A clinical prognostic tool requires robust validation in an independent group of patients and in their current paper, Echevarria and colleagues have performed a validation of the DECAF score.3 A new cohort of 880 patients from the original two hospitals and an independent cohort of 845 patients who were admitted with an exacerbation of COPD to four additional hospitals were included, giving a total cohort of 1725. In this study, the ROC for predicting in-hospital mortality was 0.82, similar to the original baseline study, an important confirmatory finding. A particular strength of this cohort is that it is representative of the national population with a wide geographical spread including urban and semirural populations. The overall mortality rate, 7.7%, was similar to that reported in the 2008 British Thoracic Society COPD audit16 although slightly higher than that reported from the 2014 audit,17 4.3%, which the authors attribute to case ascertainment and a higher proportion of patients with pneumonic exacerbations and poor baseline status in the study. The other novel feature of this study is that the large dataset permitted the authors to derive a 0–6 point prognostic scale. Those with a score of 0–1 had low mortality, while a score of ≥3 was associated with a step-wise increase in in-hospital mortality. In those with a pneumonic exacerbation, DECAF again proved to be a stronger predictor of in-hospital and 30-day mortality compared with the commonly used CURB-65. This was especially true among those patients deemed low risk by each score. The study has obvious value for clinicians in practice as a guide to triage patient care, for example to early discharge services or to more specialist care beds. Of those with a DECAF score of 5–6, 40% died in hospital with median time to death of 2 days. The DECAF may therefore also help clinicians communicate risk to patients and their families and inform healthcare managers to allocate services appropriate to patient needs.

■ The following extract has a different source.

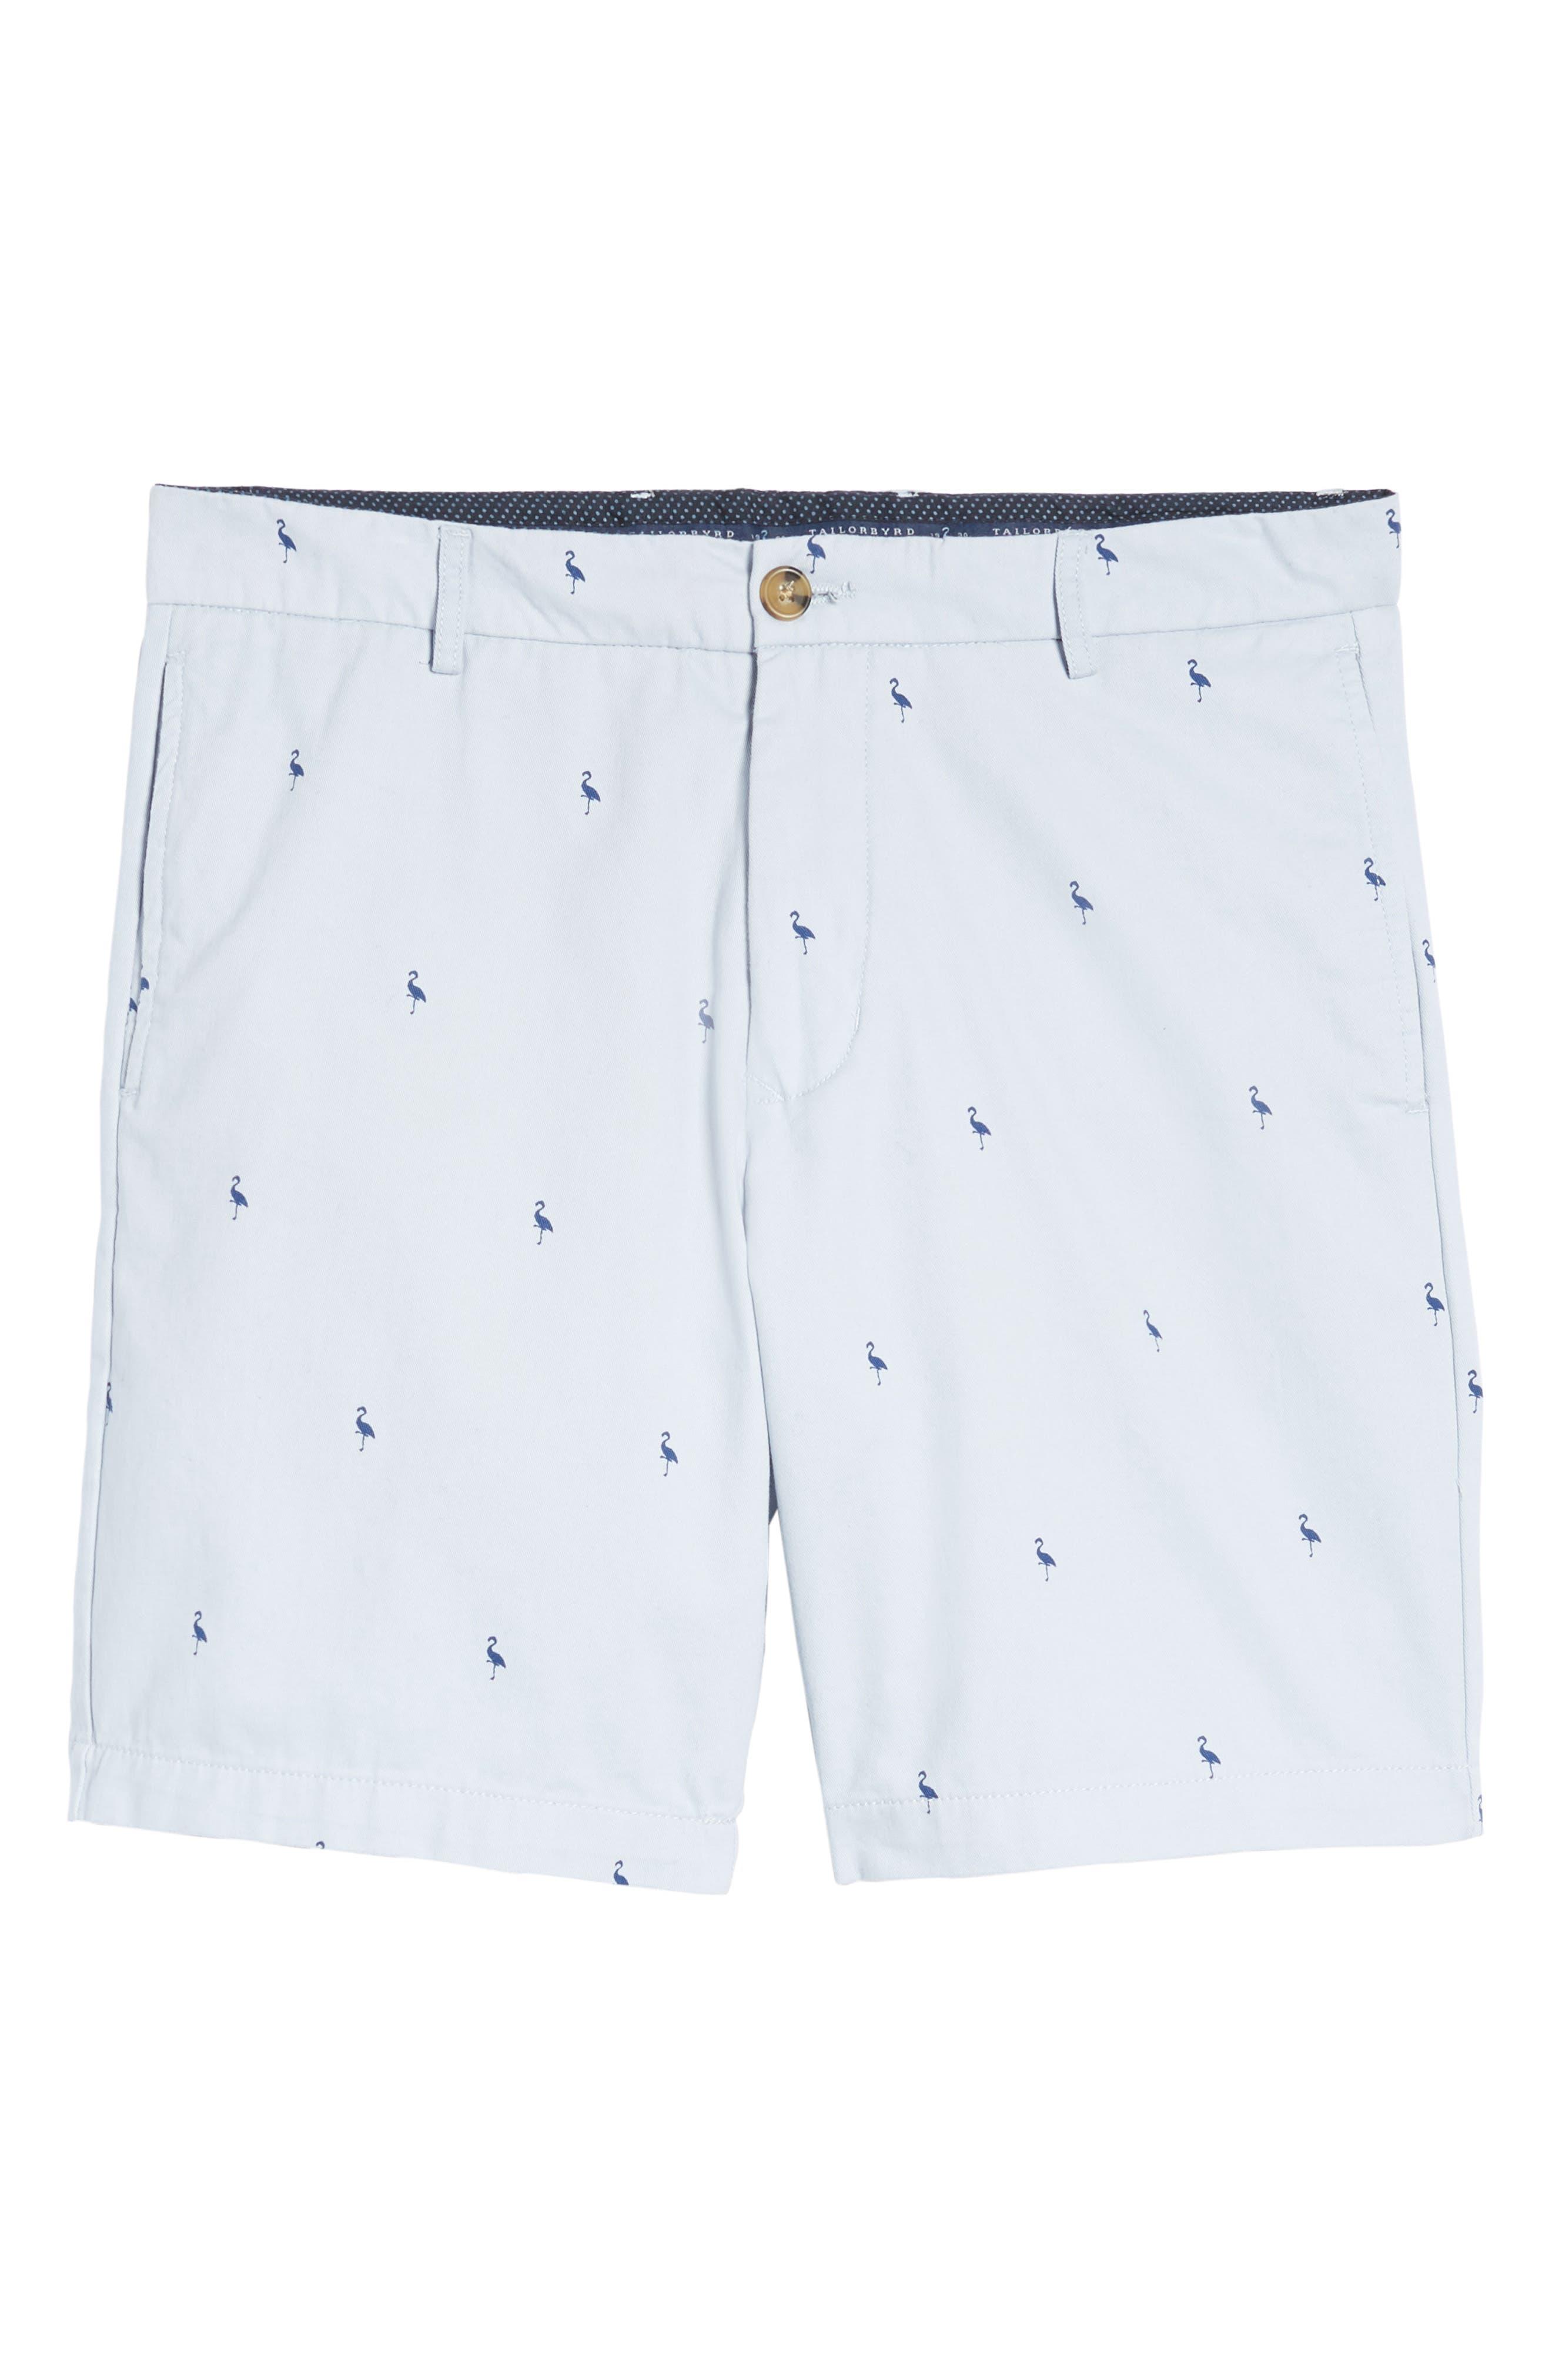 Aiden Bird Regular Fit Chino Shorts,                             Alternate thumbnail 6, color,                             450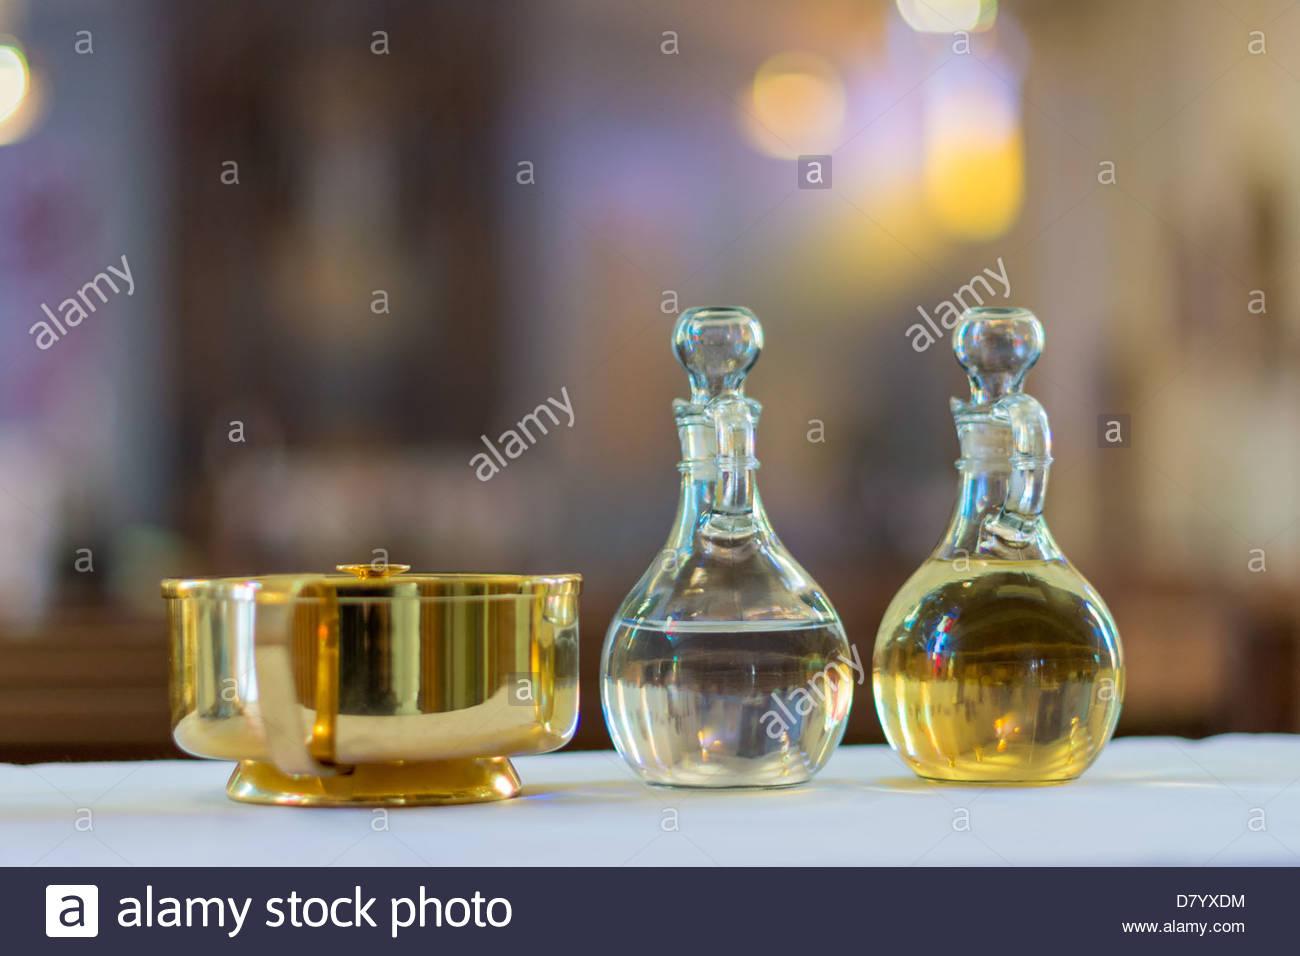 Symbols of the traditions of a catholic church holy water and oil symbols of the traditions of a catholic church holy water and oil for unction buycottarizona

As is the case with decaffeinated coffee, it is important to know that some things are missing from the DECAF studies. Two areas that were not assessed in the derivation of the DECAF score are variations in the quality of care and their impact on clinical outcomes. For example, the length of time that the patient spent in an inappropriate care setting, such as in the emergency department, or the inappropriate use of high-flow supplemental oxygen, both of which impact outcomes. The other is to know why patients with low DECAF scores present with an exacerbation. This may be an important point because even if a patient has a low risk of dying, the frightening symptoms of an exacerbation of COPD may be reason enough to admit the patient to hospital, where palliation of symptoms may be required. On the positive side, besides being a catchy mnemonic, DECAF, is a robust and carefully conceived clinical tool that will help guide clinicians in the management of this common condition.